Introduction to iClusterVB

iClusterVB

iClusterVB allows for fast integrative clustering and feature selection for high dimensional data.

Using a variational Bayes approach, its key features - clustering of mixed-type data, automated determination of the number of clusters, and feature selection in high-dimensional settings - address the limitations of traditional clustering methods while offering an alternative and potentially faster approach than MCMC algorithms, making iClusterVB a valuable tool for contemporary data analysis challenges.

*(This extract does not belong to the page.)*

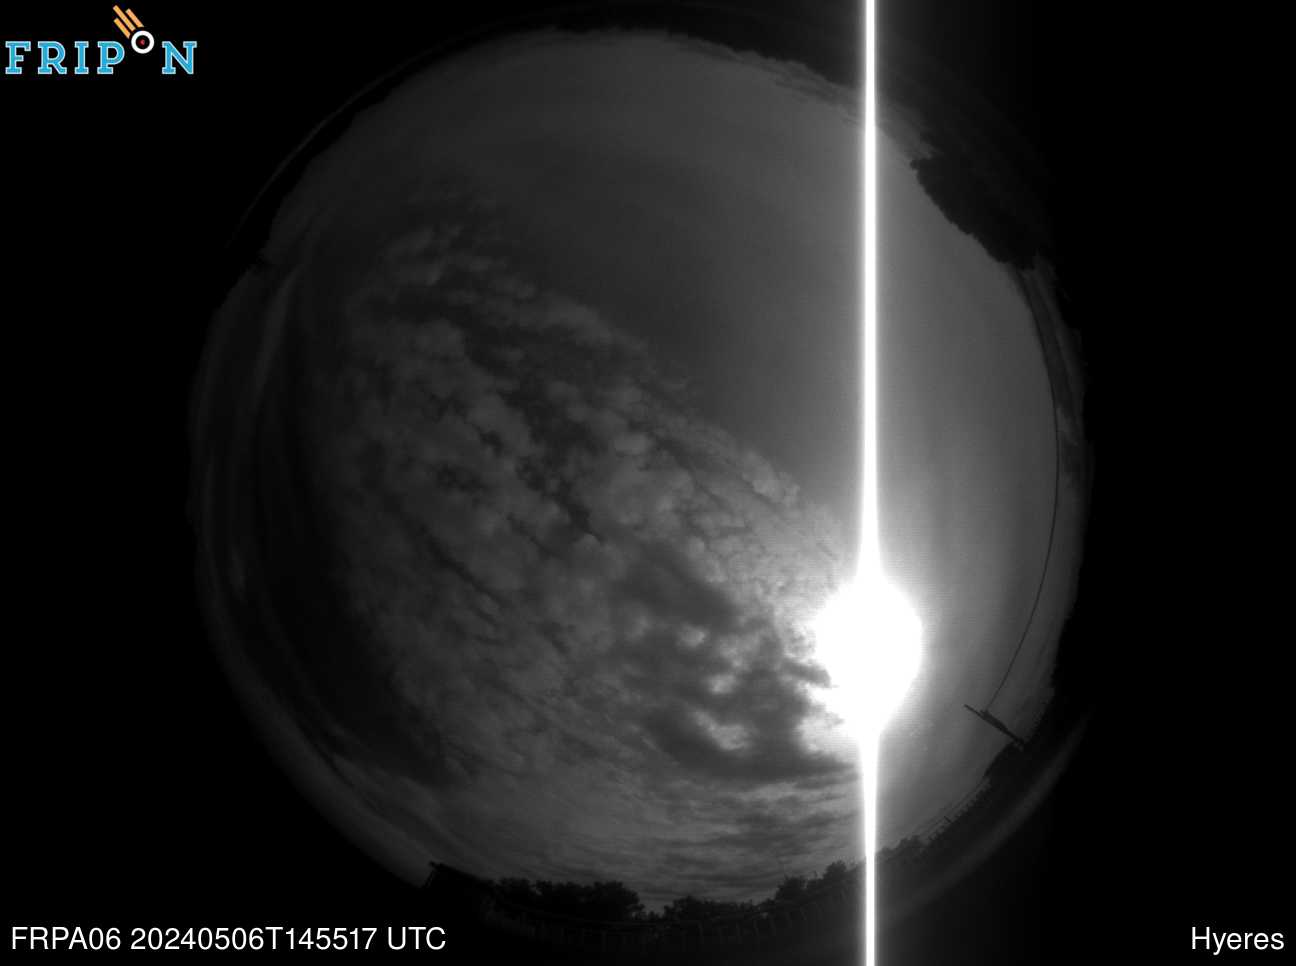 Full size image detection Observatoire du Pic des fÃ©es - Hyeres (FRPA06) Universal Time
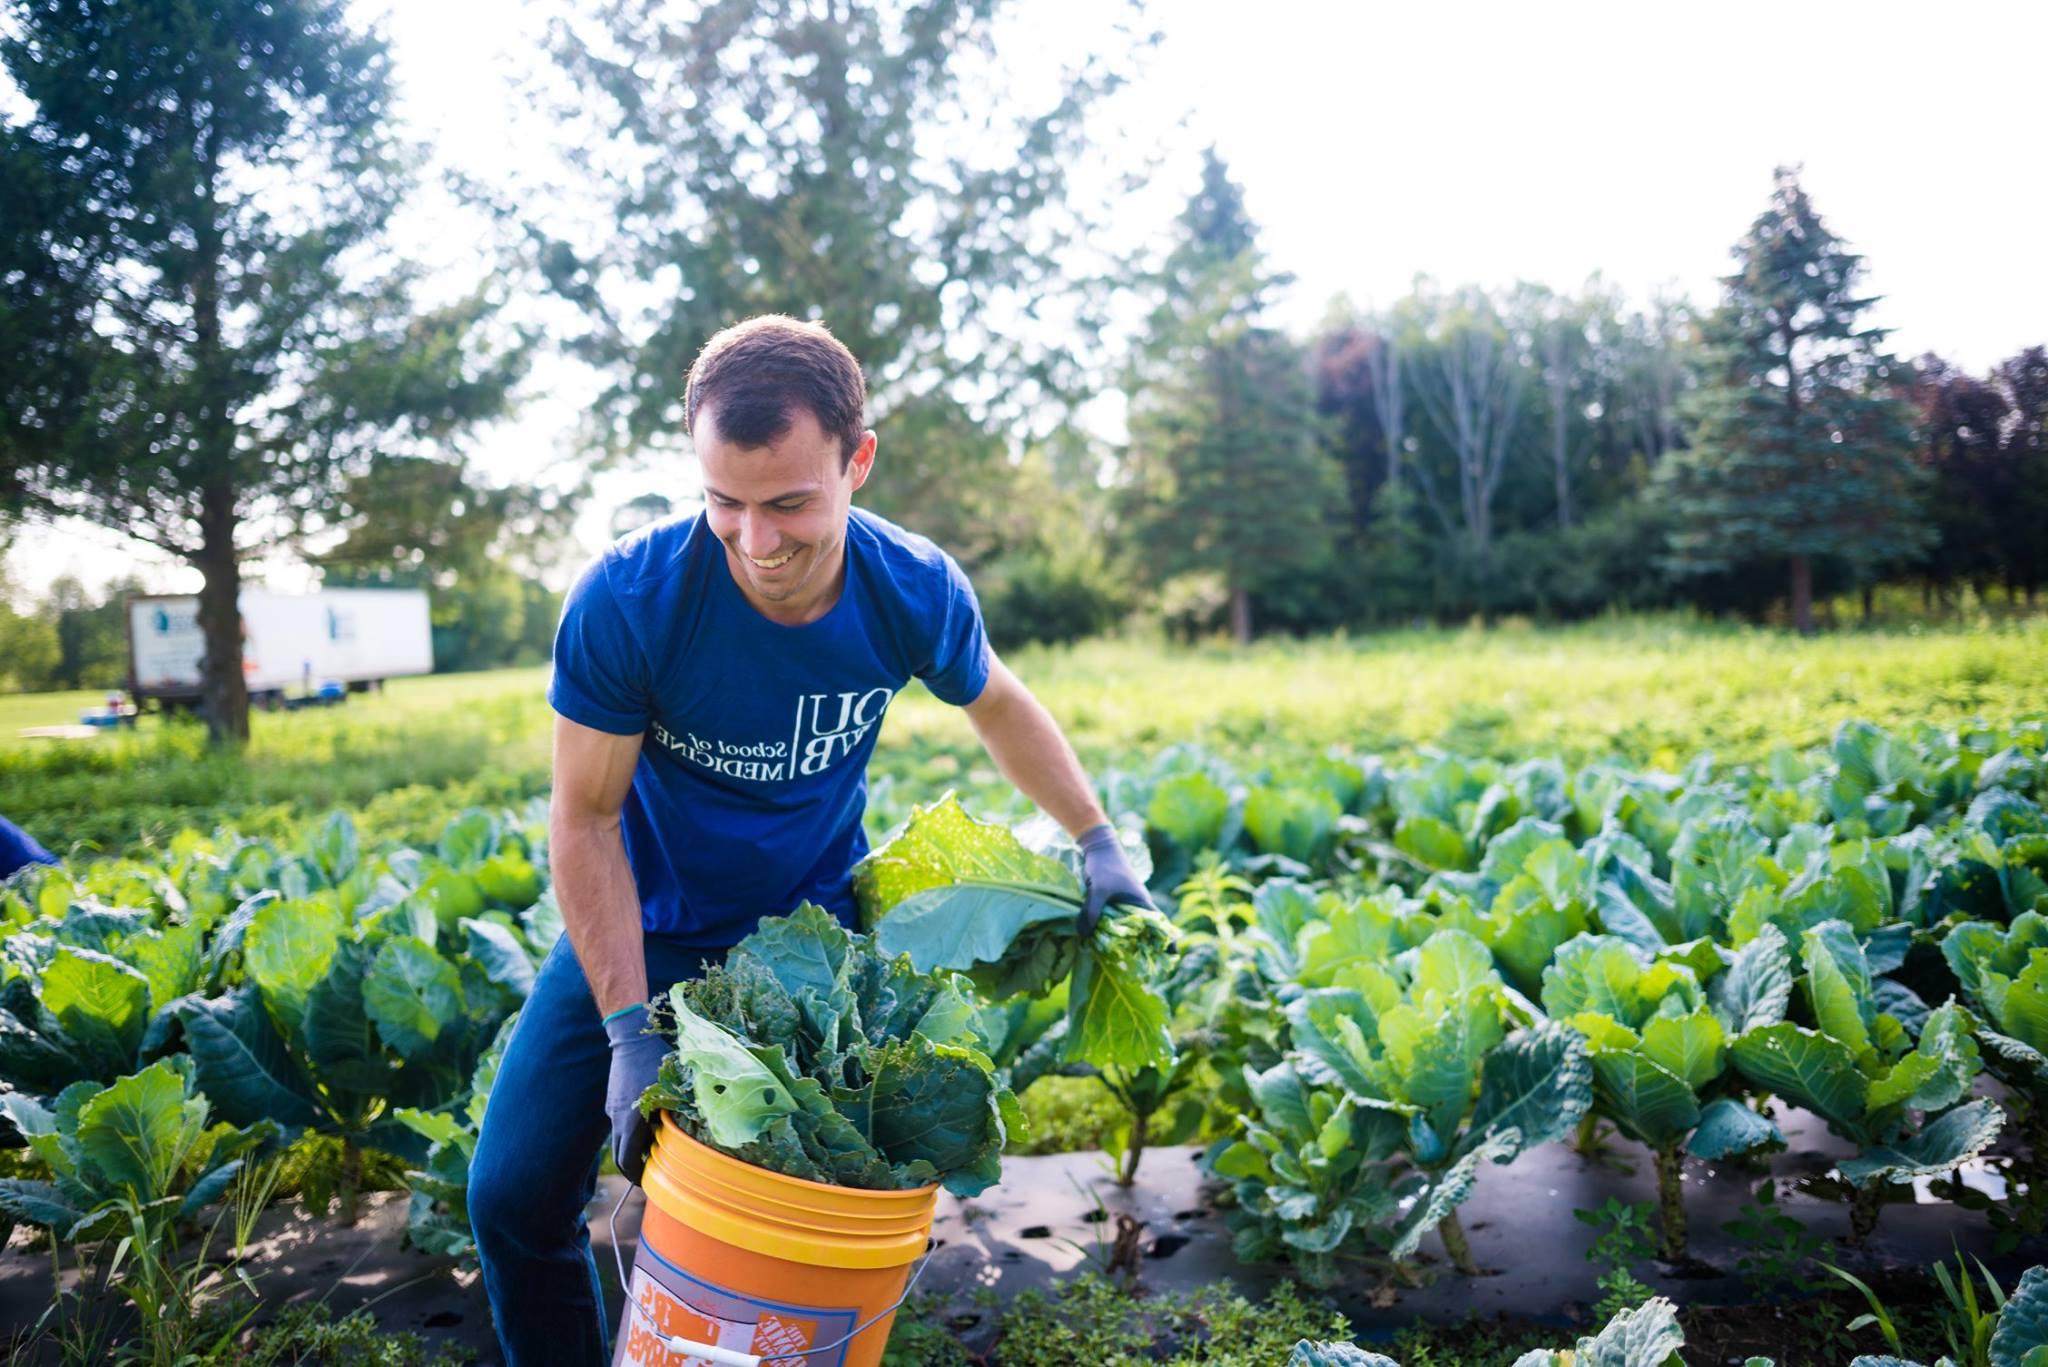 一位牛津大学的学生在“遗忘的收获”农场做志愿者. 他提着一桶青菜穿过田野.

There is a simulated dataset included as a list in the package that we can use to illustrate iClusterVB.

Data pre-processing

library(iClusterVB)

# sim_data comes with the iClusterVB package.
dat1 <- list(
  gauss_1 = sim_data$continuous1_data[c(1:20, 61:80, 121:140, 181:200), 1:75],
  gauss_2 = sim_data$continuous2_data[c(1:20, 61:80, 121:140, 181:200), 1:75],
  poisson_1 = sim_data$count_data[c(1:20, 61:80, 121:140, 181:200), 1:75],
  multinomial_1 = sim_data$binary_data[c(1:20, 61:80, 121:140, 181:200), 1:75]
)

# We re-code `0`s to `2`s

dat1$multinomial_1[dat1$multinomial_1 == 0] <- 2

dist <- c(
  "gaussian", "gaussian",
  "poisson", "multinomial"
)

Running the model

fit_iClusterVB <- iClusterVB(
  mydata = dat1,
  dist = dist,
  K = 4,
  initial_method = "VarSelLCM",
  VS_method = 1,
  max_iter = 50
)
#> ------------------------------------------------------------
#> Pre-processing and initializing the model
#> ------------------------------------------------------------
#> 
#> ------------------------------------------------------------
#> Running the CAVI algorithm
#> ------------------------------------------------------------
#> iteration = 10 elbo = -1987757.206577  
#> iteration = 20 elbo = -1937584.919018  
#> iteration = 30 elbo = -1885755.424734  
#> iteration = 40 elbo = -1852764.123269  
#> iteration = 50 elbo = -1837257.997981

Summary of the Model

# We can obtain a summary using summary()
summary(fit_iClusterVB)
#> Total number of individuals:
#> [1] 80
#> 
#> User-inputted maximum number of clusters: 4
#> Number of clusters determined by algorithm: 4
#> 
#> Cluster Membership:
#>  1  2  3  4 
#> 20 20 20 20 
#> 
#> # of variables above the posterior inclusion probability of 0.5 for View 1 - gaussian
#> [1] "50 out of a total of 75"
#> 
#> # of variables above the posterior inclusion probability of 0.5 for View 2 - gaussian
#> [1] "51 out of a total of 75"
#> 
#> # of variables above the posterior inclusion probability of 0.5 for View 3 - poisson
#> [1] "52 out of a total of 75"
#> 
#> # of variables above the posterior inclusion probability of 0.5 for View 4 - multinomial
#> [1] "51 out of a total of 75"

Generic Plots

plot(fit_iClusterVB)

Probability of Inclusion Plots

# The `piplot` function can be used to visualize the probability of inclusion

piplot(fit_iClusterVB)

Heat maps to visualize the clusters

# The `chmap` function can be used to display heat maps for each data view

chmap(fit_iClusterVB, rho = 0,
      cols = c("green", "blue",
               "purple", "red"),
      scale = "none")